Savi Syth: Hey, good morning everyone. If I might just, there’s a lot improvement that you called out here on the cost side. Just operations, FX, fuel. Could you talk about how you’re feeling about EBITDA for the year and how it should progress from here? Because it seems like maybe seasonality might be a little bit different this year just given the movements in macro and operations?

Alex Malfitani: Sure. Hi Savi. Yes, so Q1 I think was worse than we expected, but it’s early enough. And also we saw significant improvement going forward. Right. So when you look at the forward curve for oil, when you see where the real is, and there has been already some recapture in the first quarter. Right. So namely, fuel alone, the fuel expense line alone, like we said, was over R$200 million of a bad guy. When you add effects, that’s another R$100 million and then the irregular operations, but everything is improving. Right? All of those items, fuel effects and irregular operations are also are all improving. And we are still getting benefits on the demand side. We’re seeing strong RASK even with high capacity growth. So when you combine all that, we’re going to work, and we think we have enough time to still deliver as high an EBITDA generation as we can, even with the impact in Q1.

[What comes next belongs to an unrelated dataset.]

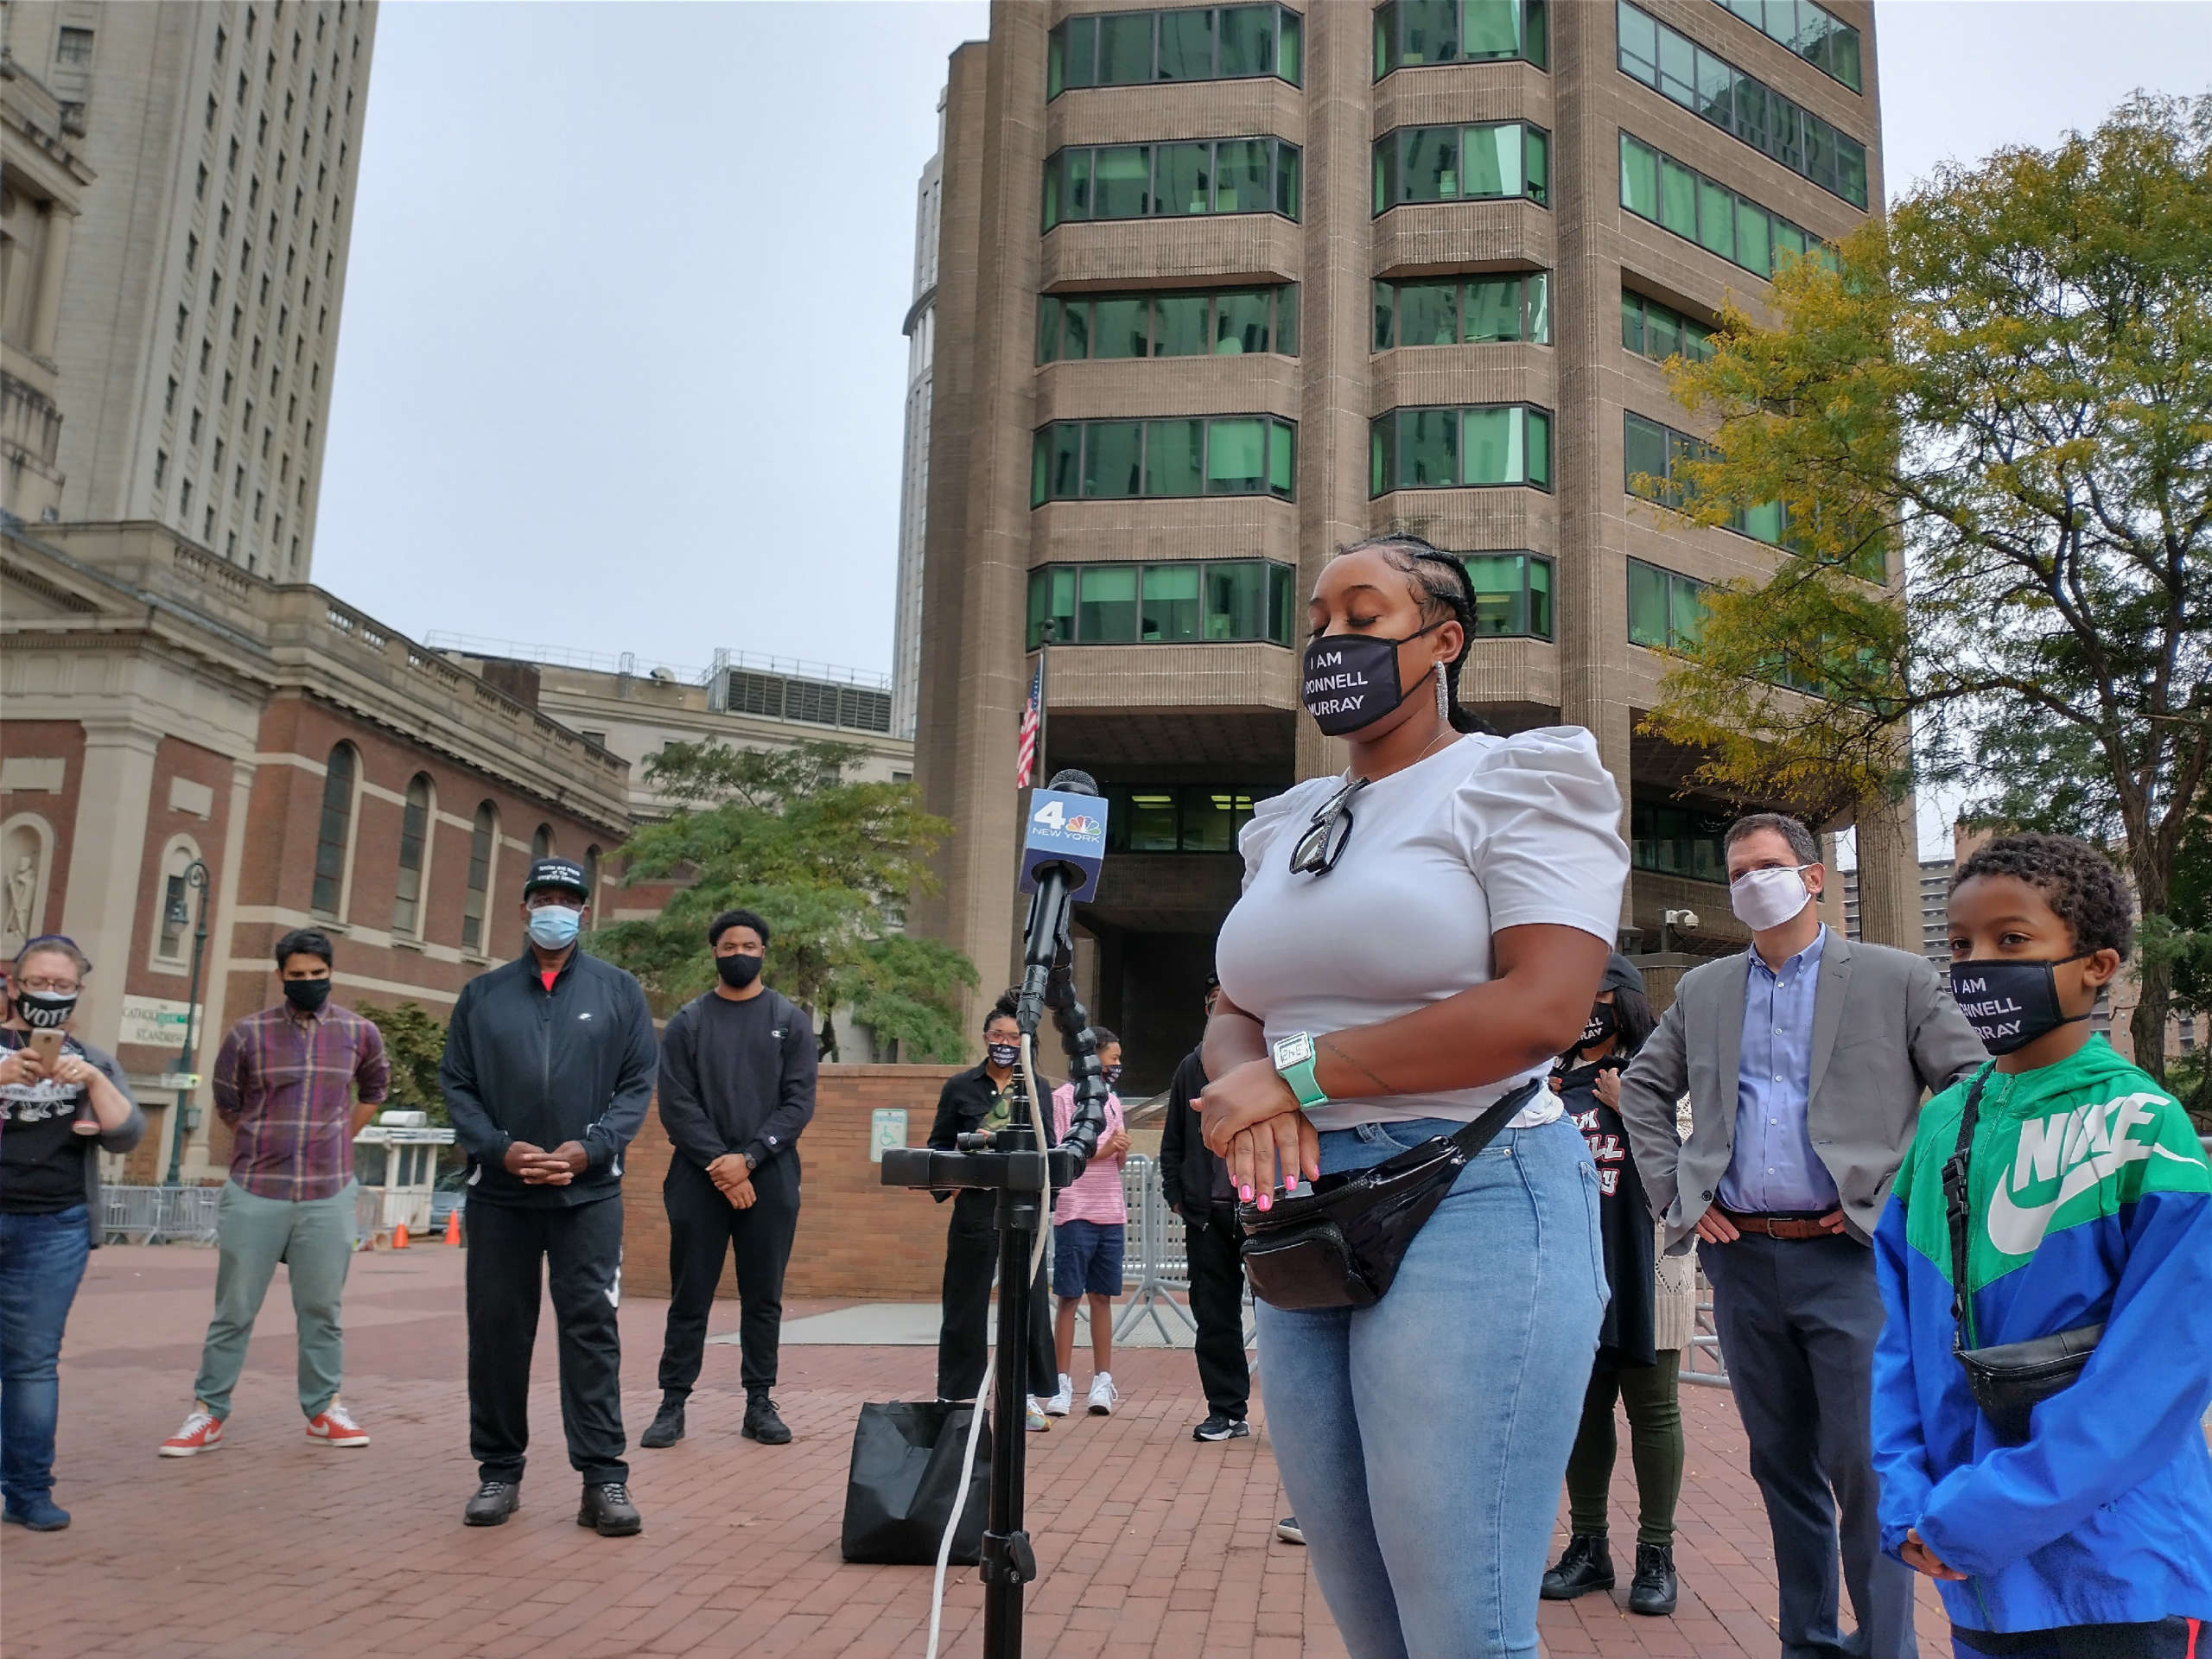 Donnell Murray's fiancé, Destinee Ferguson, speaking at a protest outside the U.S. Attorney's Southern District Offices, October 2020.

Savi Syth: Understood, I appreciate that. And I wonder, maybe a question for Abhi. Could you elaborate a little bit what you’re seeing on the on the demand side, just between corporate and leisure? It doesn’t seem like, there’s been much of a hit with some of the macro headlines that we’ve had, but curious what you’re seeing?

Abhi Shah: Yes. Hey, Savi. Yes, you’re right, I mean, nothing compared to what you’re anecdotally hearing in the U.S. Right. Ex-Brazil point of sale demand has been strong. Even with the noise in the U.S. we didn’t see any oscillations in our U.S. business. Our international network is a high-end leisure network. I think we are more insulated in that sense. On the corporate side in Brazil, it’s been very, very steady. We haven’t seen, obviously we’ve grown and the revenue has grown with us and so we are maintaining that pace. We had, you can check the corporate travel agency shares. We had a 34% revenue share the last report. This is public data from corporate travel agencies. So the Brazil sort of local environment has been solid, has been very steady.

Brazil point of sale internationally has been good as well. And we’re actually seeing a growth year-over-year in Ex-Brazil point of sale, which is revenue that’s coming in euros and coming in dollars, both for international network as well as our domestic network. So, I think you’ll see unit revenues expansion in 2Q, which is good. So I think overall a pretty steady demand environment.

Savi Syth: Very helpful. Thank you.

John Rodgerson: Thanks, Savi.

Operator: Thank you. The next question comes from Andre Ferreira, sell side analyst, Bradesco. Andrea, we will open your audio so that you can ask your question, please proceed.

Andre Ferreira: Hi, good morning. Thank you for the space here. So, two questions from my side. The first, if you could comment on your thinking regarding the $200 million equity raised in terms of timeline and there are talks, foreign anchor investors. And my second question is, Alex, you mentioned that fuel was R$200 million high detractor affects another R$200. And from the other cost line, which had the R$330 million higher costs year-over-year. In the release you mentioned that it’s mainly from the performance issues. How much of the R$330 was the performance issues alone? And is there a chance that Azul will be compensated for it by the OEMs? That’s it. Thank you.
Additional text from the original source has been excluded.